Now I look back on these strategies, routines and rituals and find them cumbersome and boring. But that’s okay—they intrigued me then, and they proved necessary. I had to talk myself into writing. I had to sharpen my technique. Like a ballplayer, I needed my routines and my superstitions.
So time was set aside, structured, rooms done up into writer’s spaces. And in those days I used to move every year. So every year I was setting up a new writer’s space.

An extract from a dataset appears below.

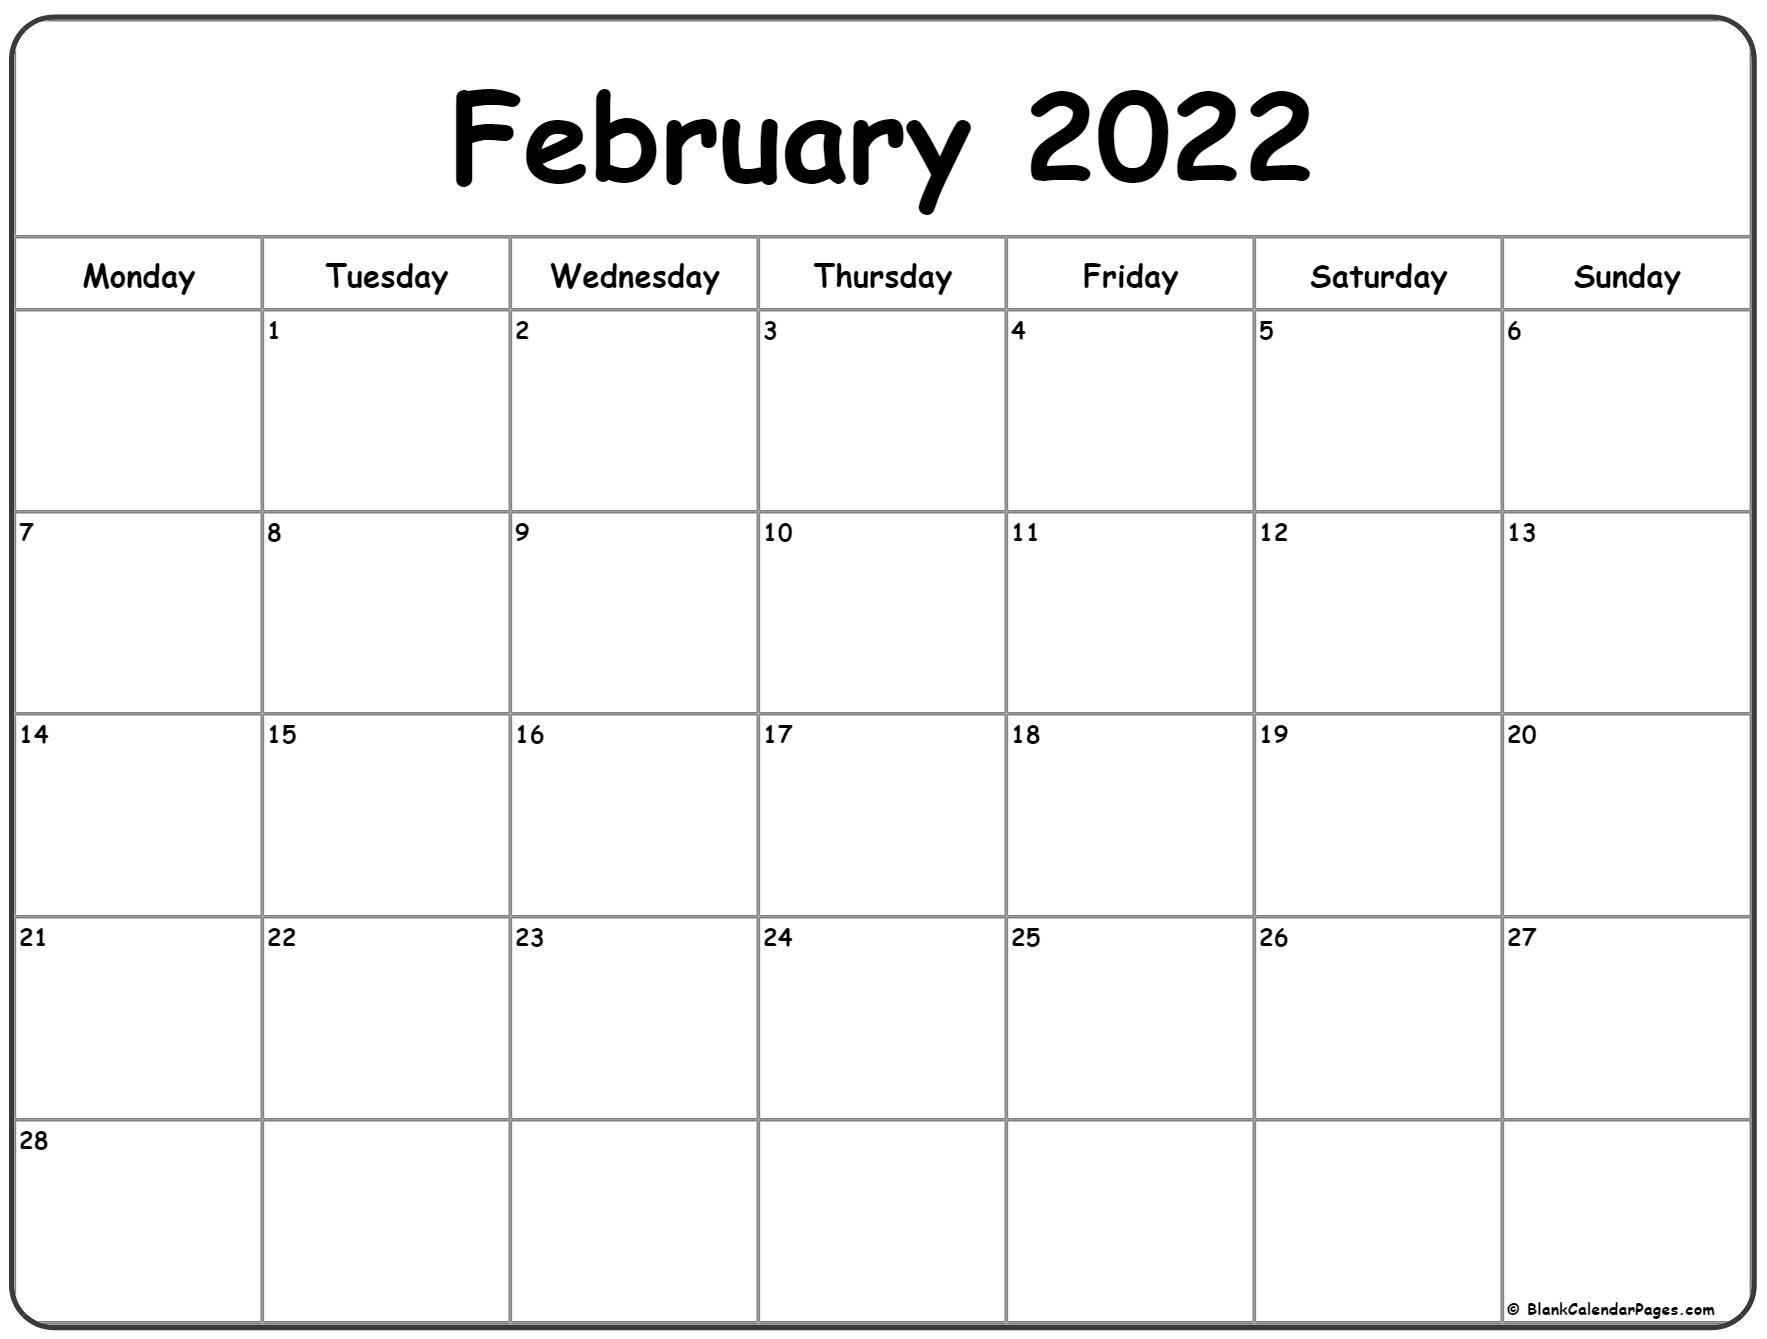 February 2022 Monday Calendar | Monday To Sunday

Things began to change in the 1980s when I moved out of the room and into the notebook. Notebooks became where writing happened, and in some way they were distorted mirror images of printed books. If I was writing a book I should be writing in a book. Eventually, the book I was writing would come into being as the book that I had written. Actually writing by hand became really important. Now the magic was how the handwriting got turned into type. There was one book, One Night, that I wrote in a day and which was pretty much published fairly closely to the way that I had written it. So the handwriting just turned into type and the notebook became the printed book. That was the closest I came to perfecting the transformation from notebook to printed book.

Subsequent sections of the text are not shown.